In June 2018, Nanobiotix established human proof of concept for this first-in-class product in its Soft Tissue Sarcoma (STS) Phase III
clinical trial.
NBTXR3 is actively being evaluated in head and neck cancer with locally advanced squamous cell carcinoma of the oral cavity or
oropharynx in elderly and frail patients that are unable to receive chemotherapy or cetuximab and have very limited therapeutic
options. Promising results have been observed from the ongoing Phase I/II trial regarding the local control of tumors.
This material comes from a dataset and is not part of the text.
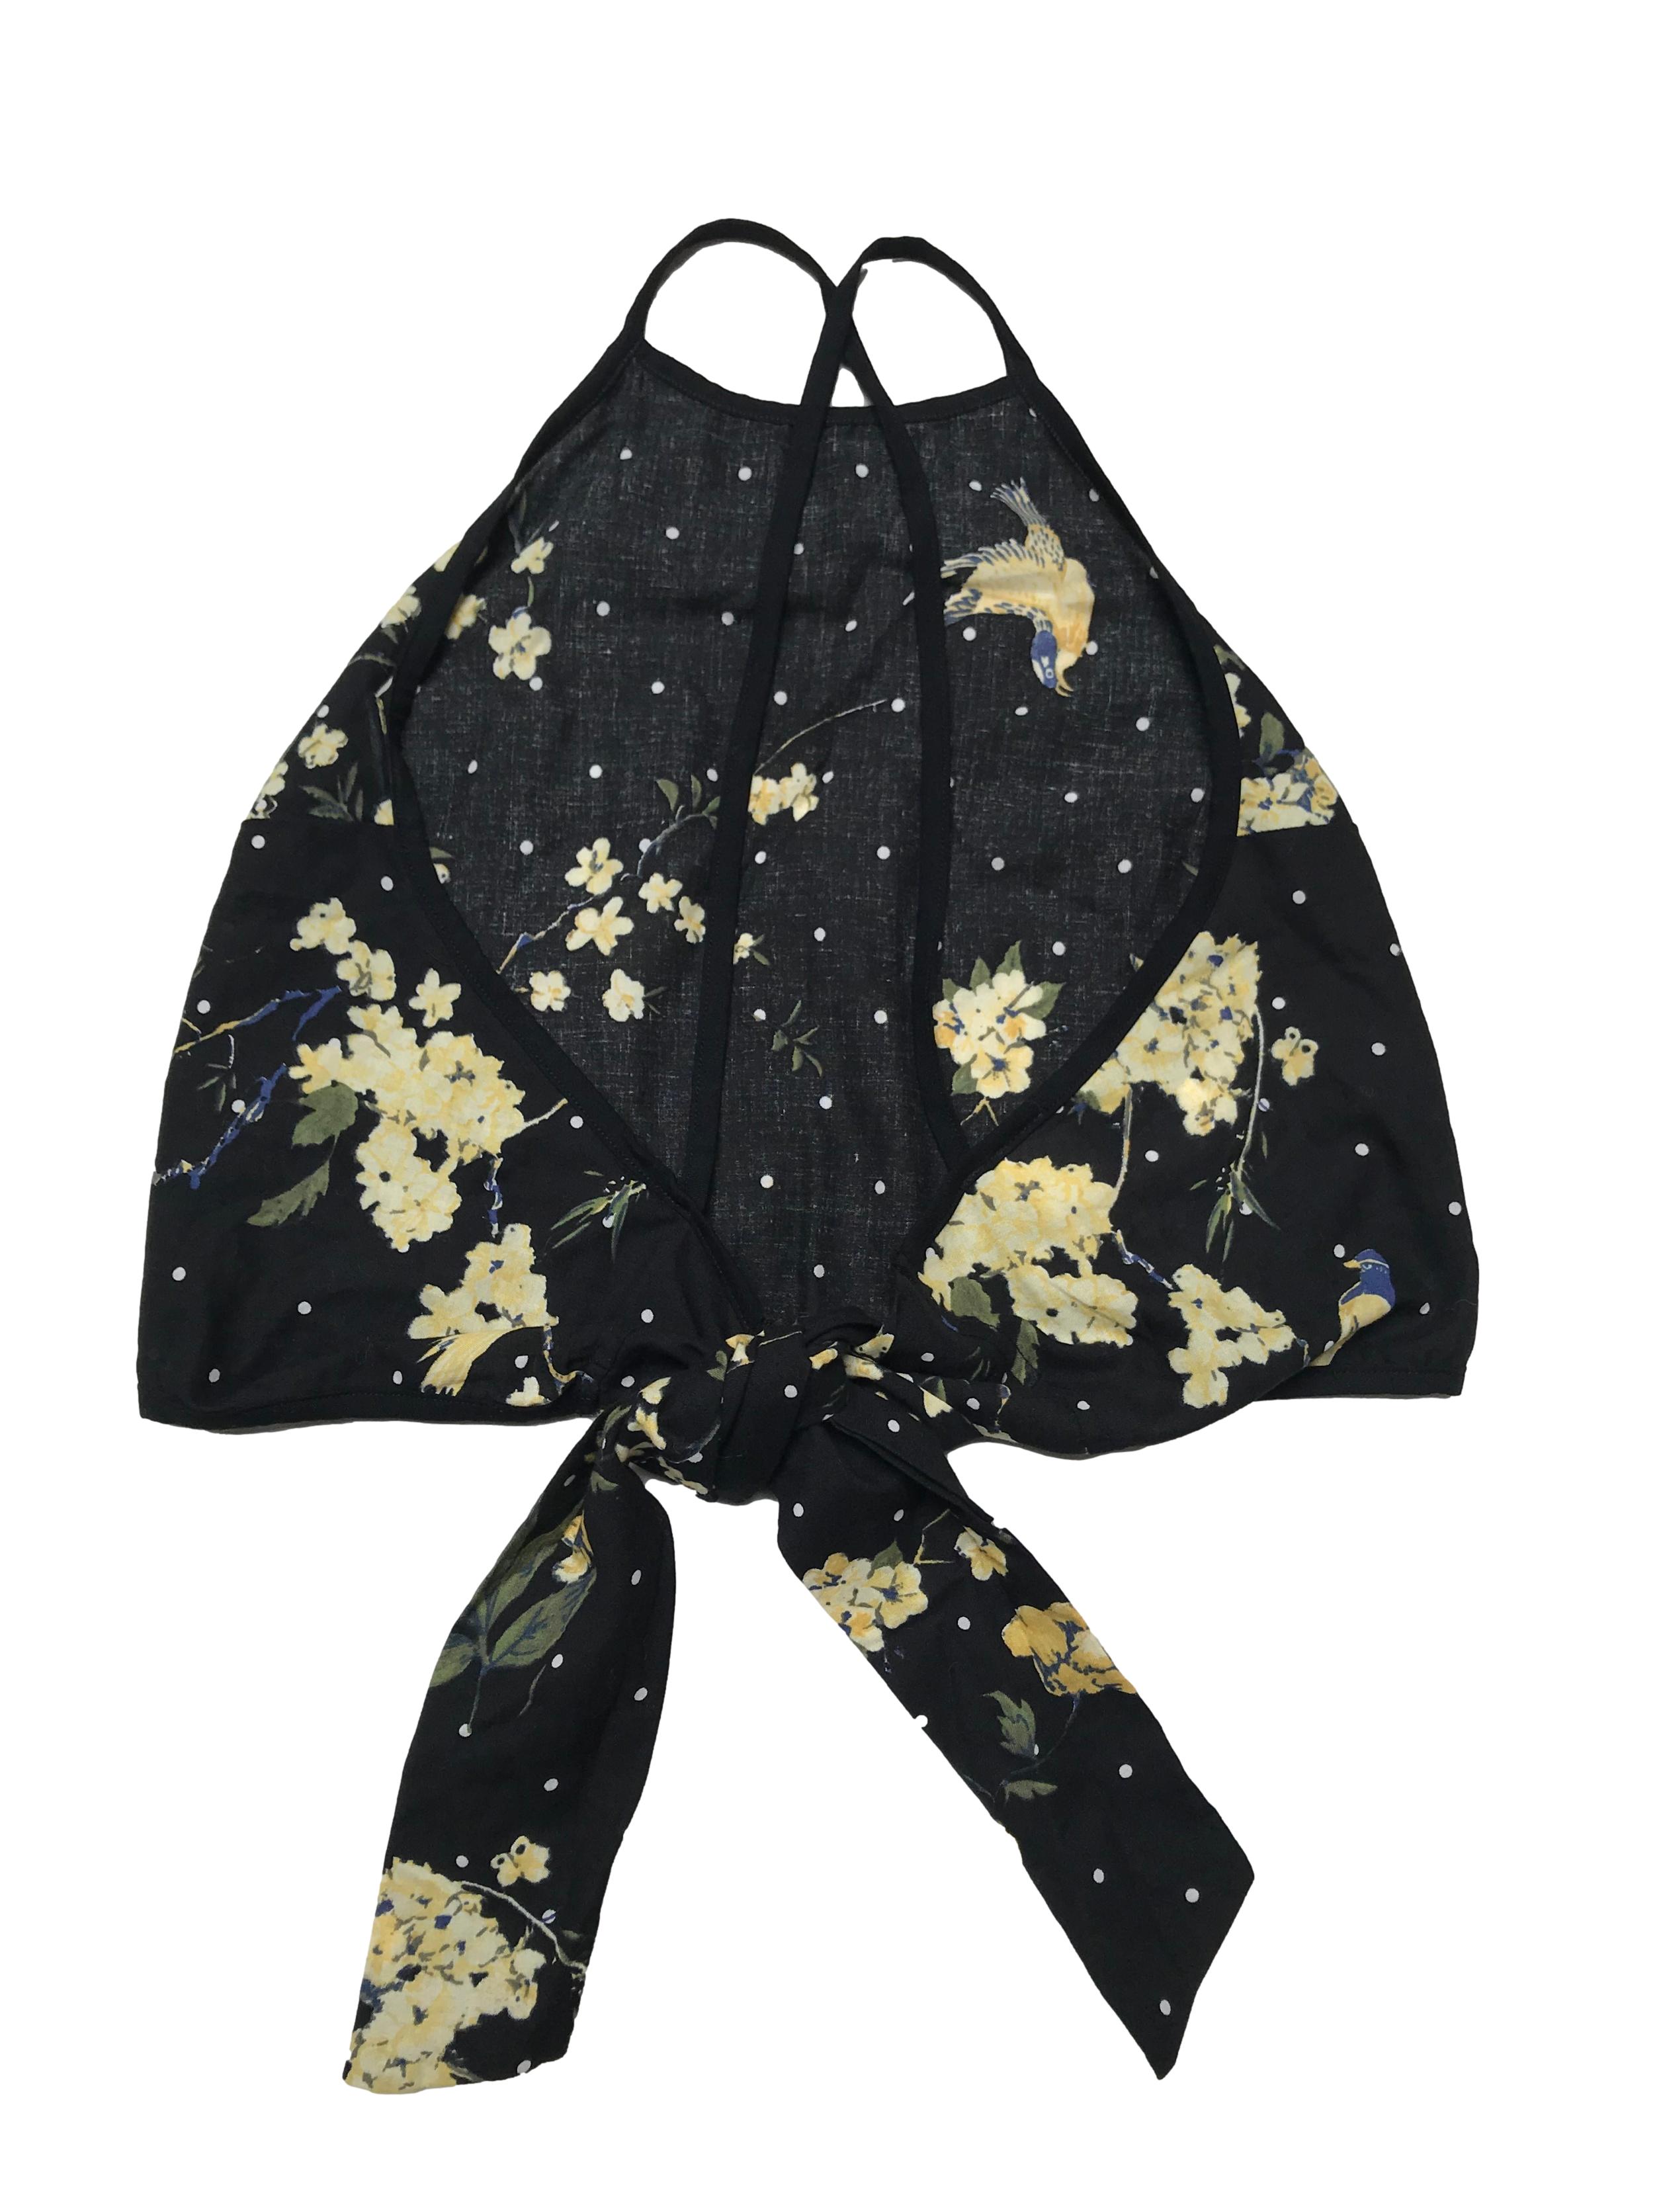 Top Ibella Ama negro con estampado de lunares y flores, tiritas cruzadas y se amarra en la espalda. Precio orignal S/ 80

Nanobiotix is running an Immuno-Oncology development program. In the United States, Nanobiotix has received approval from the
U.S. Food and Drug Administration (FDA) to launch a clinical study of NBTXR3 activated by radiotherapy in combination with anti-PD1
antibodies in lung, and head and neck cancer patients (head and neck squamous cell carcinoma and non-small cell lung cancer).
The other ongoing NBTXR3 trials are treating patients with liver cancers (hepatocellular carcinoma and liver metastasis), locally
advanced or unresectable rectal cancer in combination with chemotherapy, head and neck cancer in combination with concurrent
chemotherapy, and prostate adenocarcinoma.
The first market authorization process (CE Marking) is ongoing in Europe in the STS indication.